6. Class Relationship Diagram

┌─────────────────────────────────────────────────────┐
│                     RTree                          │
│  - root: RTreeNode                                 │
│  - dimensions: int                                 │
│  - maxEntries: int                                 │
│                                                     │
│  + insert(point[], rowId)                          │
│  + search(BoundingBox): List<rowId>                │
│  + search(point[]): List<rowId>                    │
└─────────────────────────────────────────────────────┘
                        │
                        │ contains
                        │ (tree structure)
                        ▼
┌──────────────────────────────────────────────────────────┐
│                    RTreeNode                           │
│  - boundingBox: BoundingBox                            │
│  - leafEntries: List<LeafEntry> (if leaf=true)        │
│  - children: List<RTreeNode> (if leaf=false)          │
│  - parent: RTreeNode                                  │
│  - isLeaf: boolean                                    │
│  - maxEntries: int                                    │
│                                                        │
│  + isLeaf(): boolean                                  │
│  + addLeafEntry(LeafEntry)                           │
│  + addChild(RTreeNode)                               │
│  + canSplit(): boolean                               │
│  + getBoundingBox(): BoundingBox                      │
└──────────────────────────────────────────────────────────┘
         │                              │
         │ contains                     │ references
         │                              │ parent
         ▼                              ▼
    ┌──────────────────┐         ┌─────────────┐
    │   LeafEntry      │         │BoundingBox  │
    │                  │         │             │
    │ - rowId: int     │         │ - min[]     │
    │ - bbox:BBox      │         │ - max[]     │
    │                  │         │ - dimensions│
    │ + getRowId()     │         │             │
    │ + getBbox()      │         │ + expand()  │
    └──────────────────┘         │ + intersects
                                 │ + contains()
                                 └─────────────┘

7. Typical Query Examples
   Example 1: Point Query

Query: search(Point[15, 35])

Tree structure:
           Root [0,0]-[100,100]
          /            \
      [0,0]-[50,100]   [50,0]-[100,100]
      /         \         /          \
   Leaf1      Leaf2    Leaf3      Leaf4
 [5,5]      [20,30]  [50,50]    [75,75]
 
Execution:
Step 1: Point[15,35] in Root bbox? YES → Continue
Step 2: Point in left subtree [0,0]-[50,100]? YES → Recurse
        Point in right subtree [50,0]-[100,100]? NO → Skip
Step 3: Check Leaf1 [5,5]-[5,5]: Point inside? NO
Step 4: Check Leaf2 [20,30]-[20,30]: Point inside? NO
Step 5: Result: Empty

Complexity: O(log 4) = O(1) for 4 leaves
           Actual operations: 3 bbox intersection checks

Example 2: Range Query

Query: search(BoundingBox[10,10]-[60,60])

Execution:
Step 1: Range[10,10]-[60,60] intersects Root[0,0]-[100,100]? YES
Step 2: Intersects left subtree[0,0]-[50,100]? YES → Recurse
        Intersects right subtree[50,0]-[100,100]? YES → Recurse
Step 3: Left subtree:
        Leaf1[5,5] in range? NO
        Leaf2[20,30] in range? YES → Add to result
Step 4: Right subtree:
        Leaf3[50,50] in range? YES → Add to result
        Leaf4[75,75] in range? YES → Add to result
Step 5: Result: [Leaf2_rowId, Leaf3_rowId, Leaf4_rowId]

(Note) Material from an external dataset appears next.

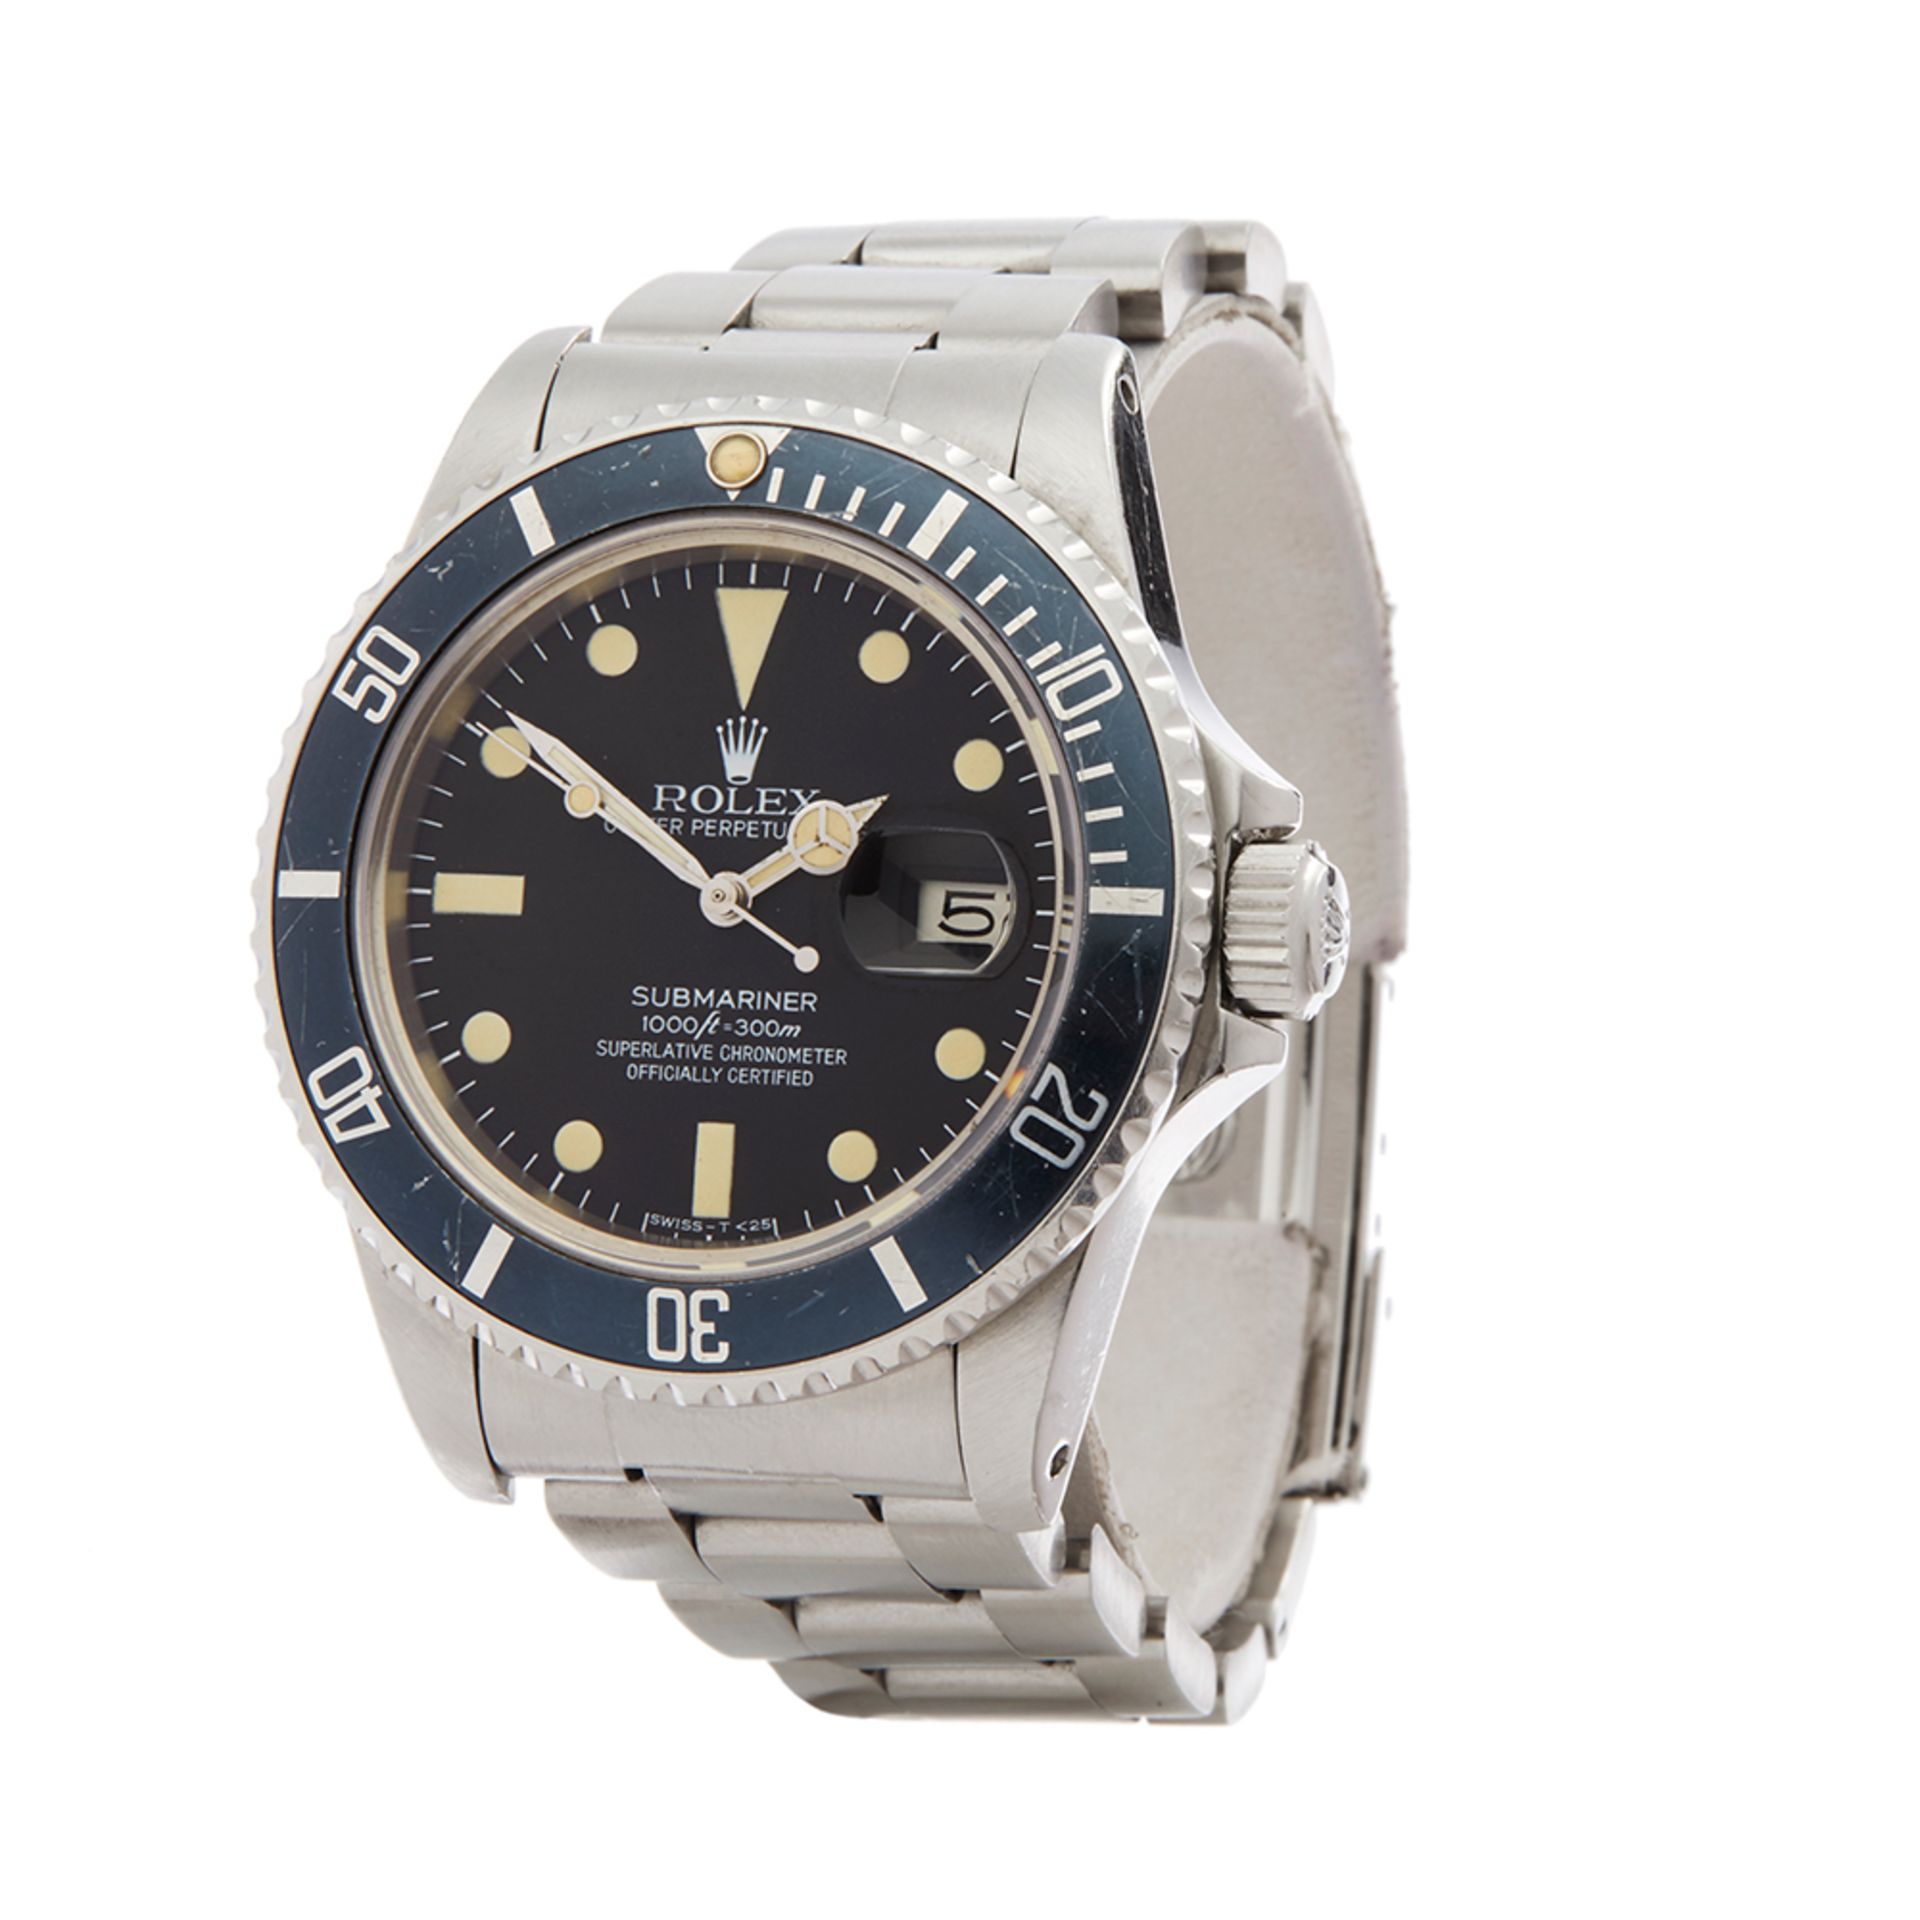 Submariner Stainless Steel - 16800 - Image 3 of 7

Complexity: O(log N + K) = O(1 + 3) = O(4)
           where N=4, K=3 (result count)

Memory Layout

Java heap memory R-Tree structure:

┌─────────────────────────────────────────────────────┐
│                  RTree object                      │
│  ┌──────────────────────────────────────────┐      │
│  │ root: RTreeNode                          │      │
│  │ dimensions: 2                            │      │
│  │ maxEntries: 32                           │      │
│  └──────────────────────────────────────────┘      │
└────────────┬──────────────────────────────────────┘
             │ references
             ▼
    ┌────────────────────┐
    │   RTreeNode obj    │ (root)
    │ (internal node)    │
    │                    │
    │ children:          │
    │  [Node1 ref]       │
    │  [Node2 ref]       │
    │  [Node3 ref]       │
    │                    │
    │ leafEntries: []    │
    │ (empty)            │
    │                    │
    │ boundingBox:       │
    │  ├─ min: [0, 0]    │
    │  └─ max: [100,100] │
    │                    │
    │ parent: null       │
    └────┬─┬─┬───────────┘
         │ │ │
    ┌────┘ │ │
    │      │ └────────┐
    │      └──────┐   │
    ▼             ▼   ▼
  Node1         Node2 Node3
  (leaf)        (leaf)(leaf)
   │             │     │
   ▼             ▼     ▼
[LeafEntry]  [LE][LE] [LE][LE][LE]
rowId:1      rowId:2-3 rowId:4-6

[JingsongLi]

RTreeNode.isLeaf is final. When the RTree constructor creates root, isLeaf=true. However, during deserialization, if the root of the tree is an internal node, the deserialization code will add children to the node with isLeaf=true. Afterwards, when searching, node. isLeaf() returns true and will look for leafRowIds instead of recursive children. The deserialized tree cannot be queried correctly at all.

[xuzifu666]

I changed private final boolean isLeaf → private boolean isLeaf, added setLeaf(boolean) method, then called setLeaf() during deserialization to correct the root node's leaf flag.

[JingsongLi]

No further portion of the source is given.